If I am sniffing traffic, I can fool the server into thinking I am the client and do what I want, while fooling the client into thinking I am the server and make him happily drop the connection after he sent the initial packet I needed to find out the port.
Basically, in IP protocol you can say you are any IP address you want in your packet. There is no way for the receiver to tell whether you're lying[1]. Then TCP introduces sequence numbers -> if I say I am 1.1.1.1, but I am actually 2.2.2.2, the server will send a sequence number to 1.1.1.1, and expect that number + 1 in response, but as I am not 1.1.1.1 I will not receive his sequence number and be unable to reply with number + 1 - I don't know the number. However, if I am sniffing traffic, I will see the sequence number he sent to 1.1.1.1 anyway, and I will correctly reply with number + 1 while continuing to lie I am 1.1.1.1. So it makes no difference to the attacker whether the server is talking to 1.1.1.1 or 2.2.2.2 (attacker's IP) as long as he can sniff traffic.

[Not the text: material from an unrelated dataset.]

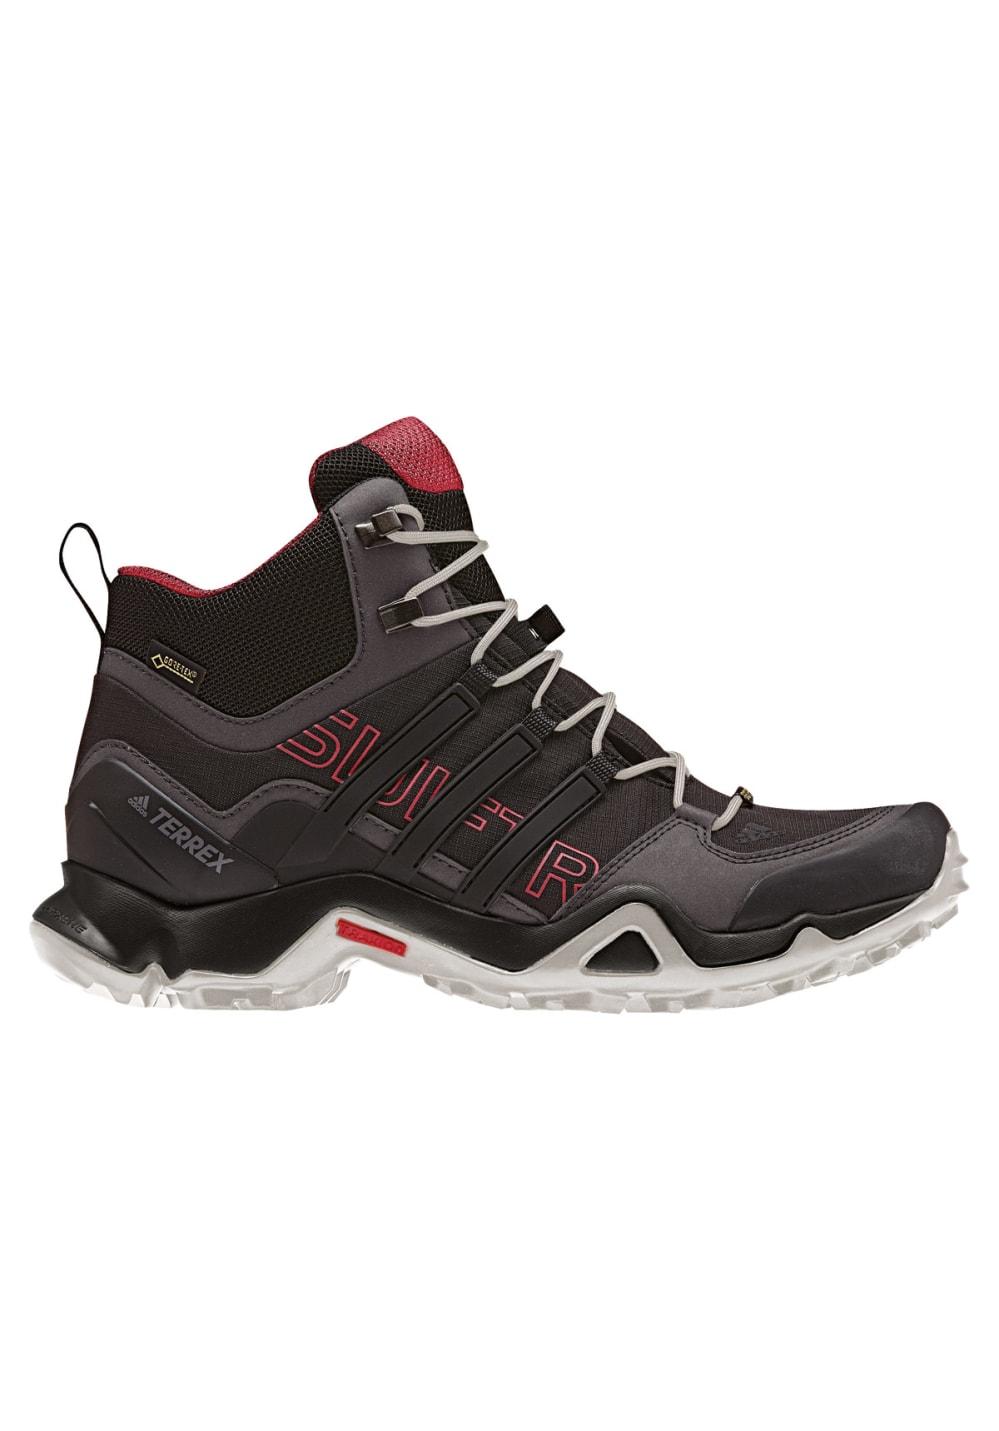 2d21a249b48 adidas Terrex Swift R Mid GTX - Outdoor shoes for Women - Black
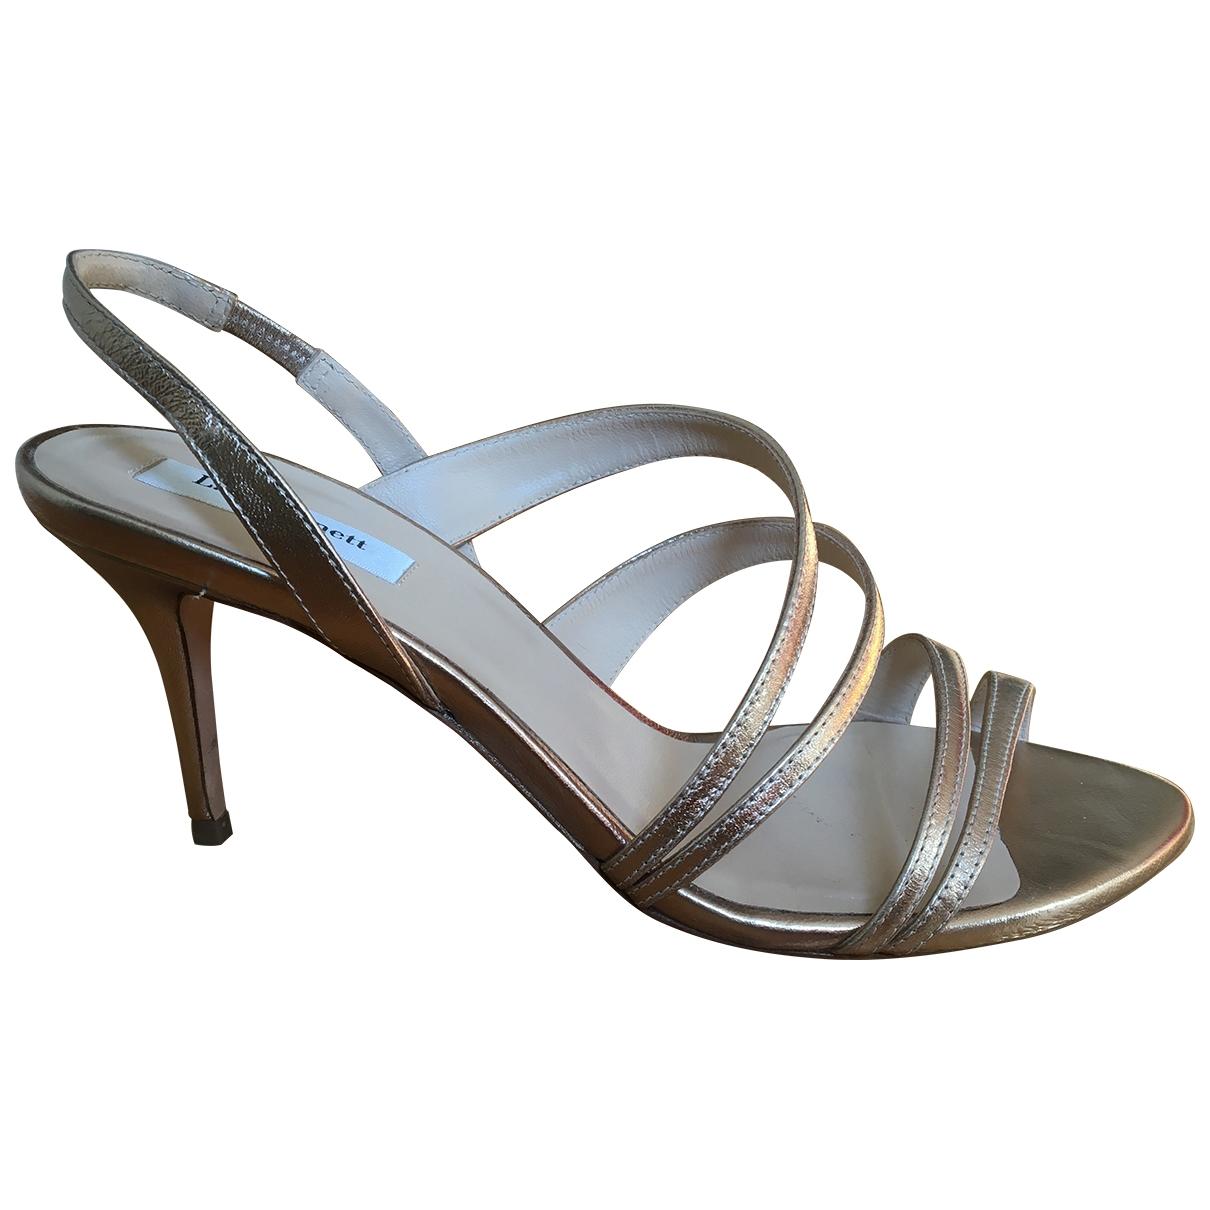 Lk Bennett \N Gold Leather Heels for Women 40 EU

It also makes no difference whether the legitimate client initiated the connection or the attacker did. It is just packets, it doesn't matter who sent them.
I am not sure if I am understanding what you're asking correctly. Basically, you don't need MITM capability to pretend you're a different IP than you are. Lying about your IP is a basic feature of the IP protocol. And if you are sniffing traffic, it is also not in any way prevented by TCP.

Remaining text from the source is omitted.